- _GIVEN MATERIAL_:
■ ■ ■
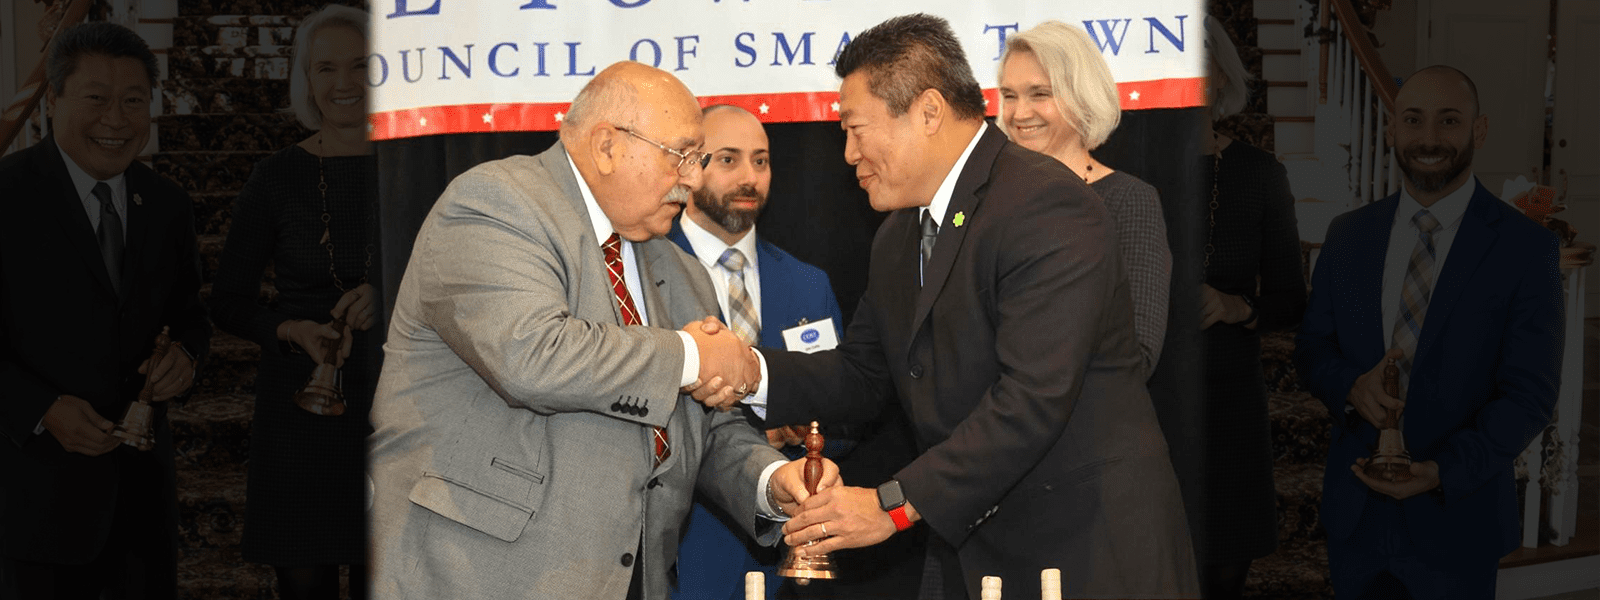 Sen. Tony Hwang Receives “Town Crier” Award for His Advocacy of CT’s Small Communities
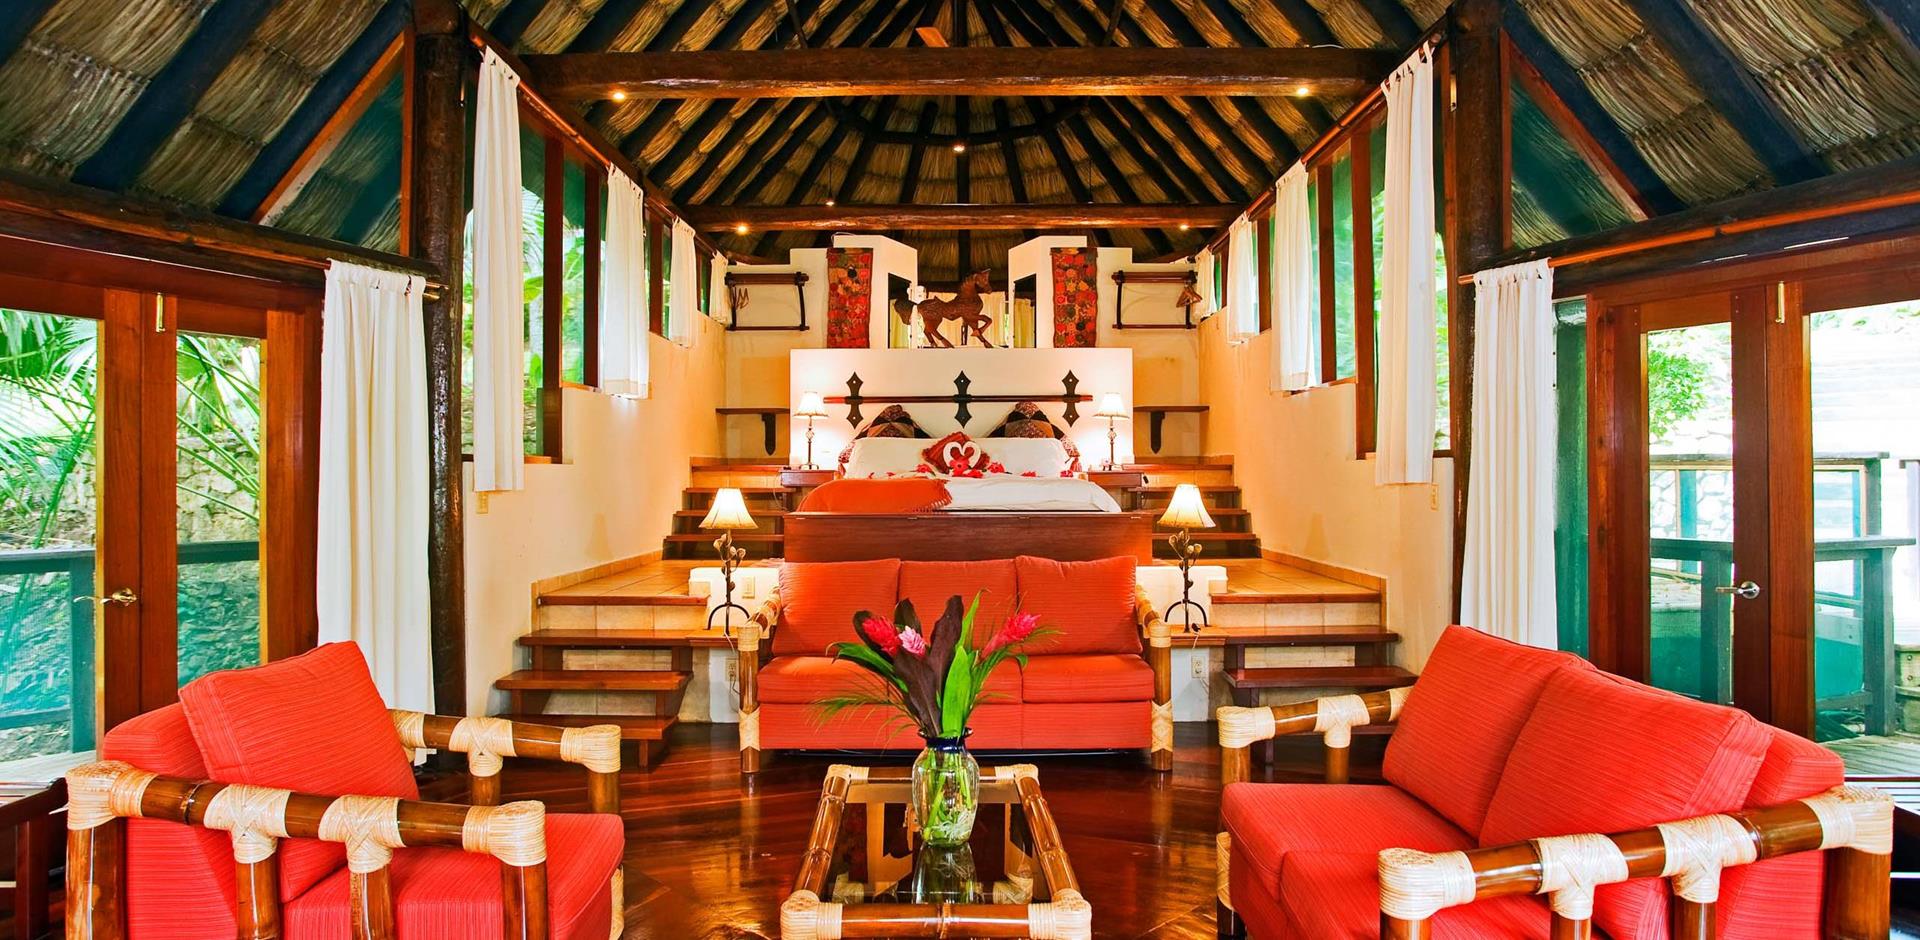 Bedroom and lounge, The Lodge at Chaa Creek, Belize, Central America
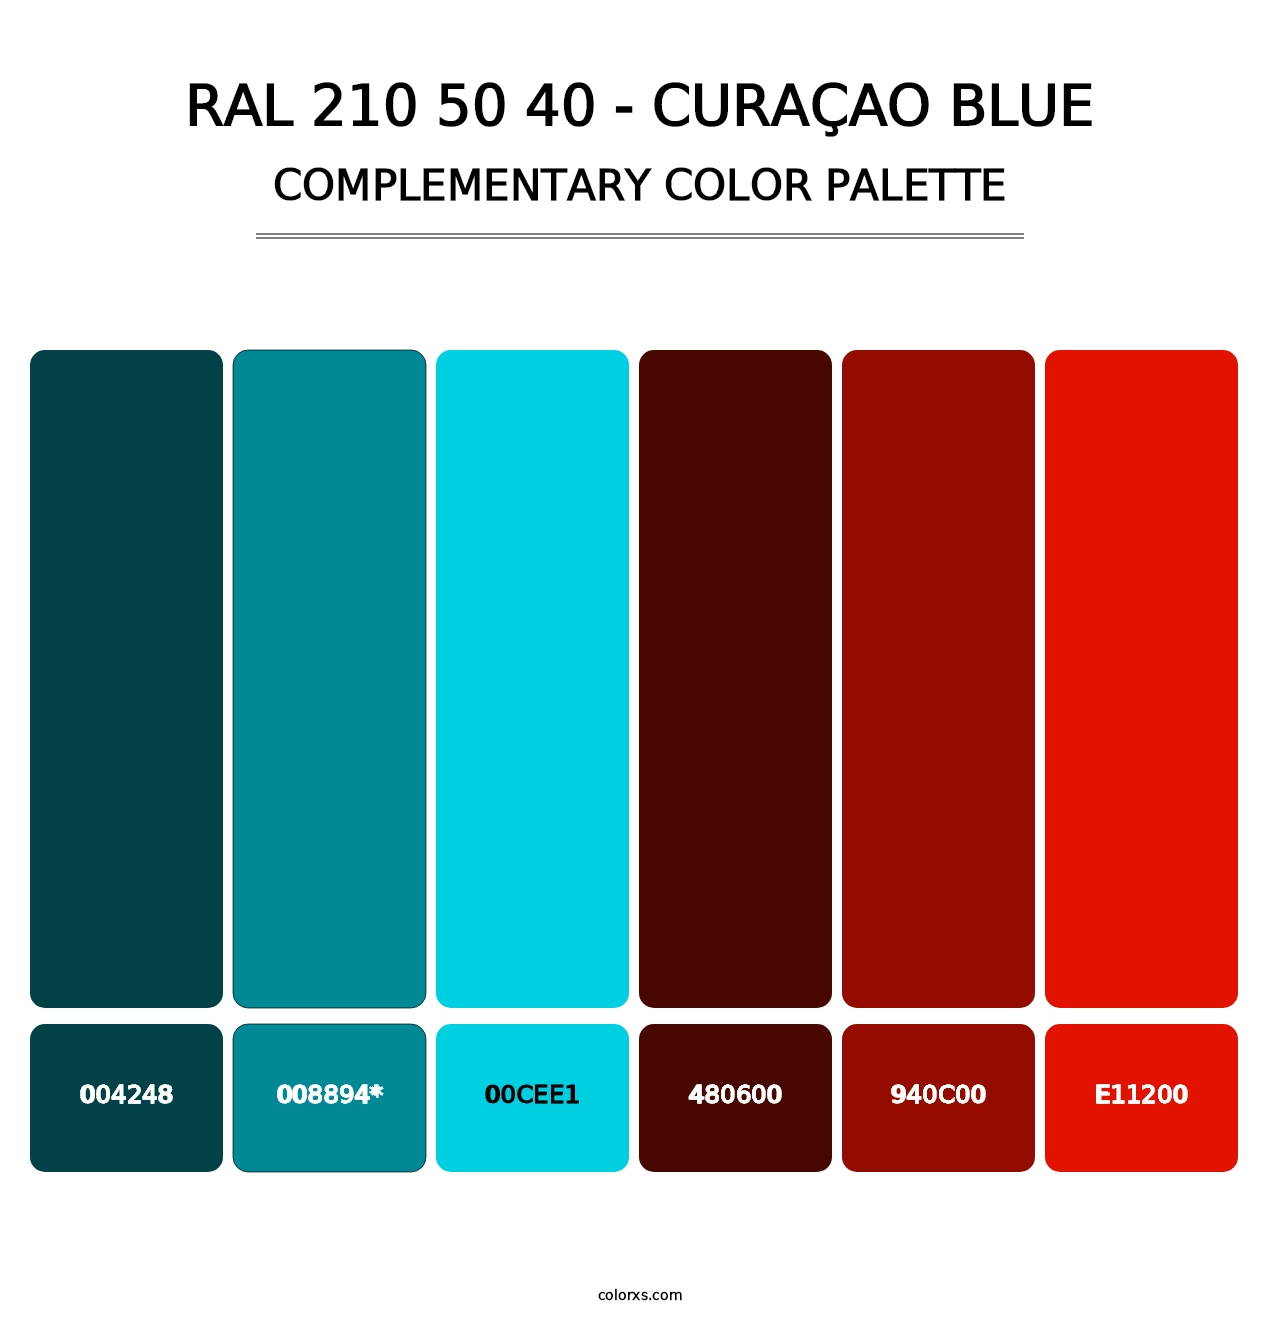 RAL 210 50 40 - Curaçao Blue - Complementary Color Palette
■ ■ ■
- _ACTIVITY_: Restate the listing word for word. Pictures do not belong in the copy.

- _TASK ANSWER_:
 Sen. Tony Hwang Receives “Town Crier” Award for His Advocacy of CT’s Small Communities
 Bedroom and lounge, The Lodge at Chaa Creek, Belize, Central America
 RAL 210 50 40 - Curaçao Blue - Complementary Color Palette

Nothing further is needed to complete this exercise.